The headline of a recent New York Times article was cause for public alarm: "Half of Doctors Routinely Prescribe Placebos."  A casual glance might have given the impression that doctors dispense sugar pills half the time, but this would be a misreading of the reported finding.  The article followed a research report that appeared in the October 23rd issue of BMJ (formerly the British Medical Journal).  A national survey of 679 U.S. internists and rheumatologists found that half routinely prescribe medication when, in the opinion of the clinician, the benefits "derive from positive patient expectations and not from the physiological mechanism of the treatment itself." This definition goes well beyond our usual notion of a placebo as a fake medication, e.g., a sugar pill or an injection of sterile salt water.  In fact, only two or three percent of the doctors reportedly used these.  Much more commonly the "placebo" consisted of over-the-counter analgesics (painkillers), vitamins, and sometimes antibiotics and sedatives.  Leaving the loaded word "placebo" out of it, half the doctors admitted to offering some treatments purely because they are psychologically comforting to their patients.

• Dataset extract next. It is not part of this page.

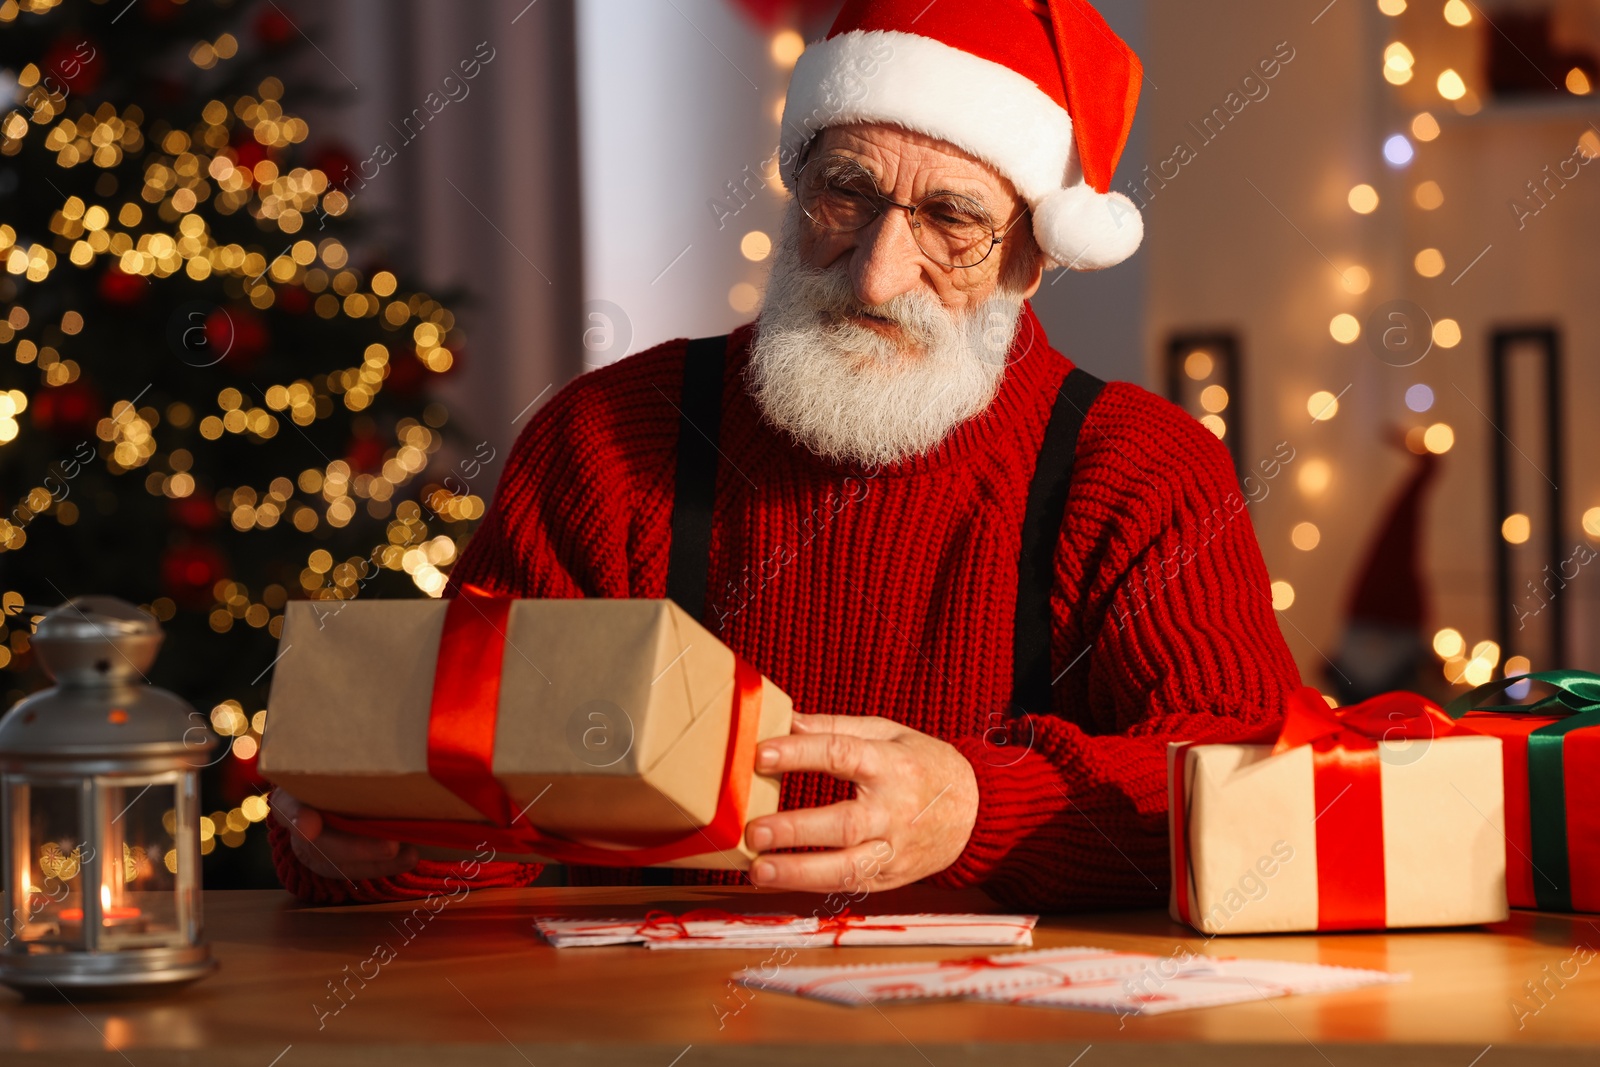 Photo of Santa Claus holding gift box at his workplace in room decorated for Christmas

This nicely illustrates something psychiatrists, and many alternative/complementary healers, have known for a long time: There is no sharp distinction between mind and body.  Each affects the other.  Feeling ill and seeking help are not mechanical processes, like the engine light coming on in one's car.  A doctor's attention and concern can help a patient feel better even if no treatment is given.  Often medications work for no good reason, or fail to work when they "should."  The doctor-patient relationship is a complex dance of expectations and hopes, full of subtle cues and interactions at conscious and unconscious levels.  Western medical science shines a light so bright it can blind us as well as illuminate.  Of course doctors sometimes offer remedies that are primarily psychological.  How could anyone have thought otherwise?

While I have never given anyone a sugar pill, I have often been faced with choosing among several equally acceptable antidepressants for a patient.  The published efficacies, side-effect profiles, and even costs of the medications are essentially the same.  Just as I am about to throw a dart into my mental dartboard to pick one, the patient tells me of a friend who had great success with one of them.  Suddenly the choice is clear.  In such situations I (enthusiastically) prescribe that particular medication due to "positive patient expectations," and not due to "the physiological mechanism of the treatment itself."  To take another example, occasionally patients tell me that plain aspirin or Tylenol helps them sleep.  Who am I to tell them they must be mistaken?

The greatest cliche of medicine, "take two aspirin and call me in the morning," is a testament to this principle in internal medicine, rheumatology, and similar specialties.  If a newspaper headline in 2008 can shock and alarm us over a practice as old as this cliche, Western culture has strayed very far indeed from the essence of healing.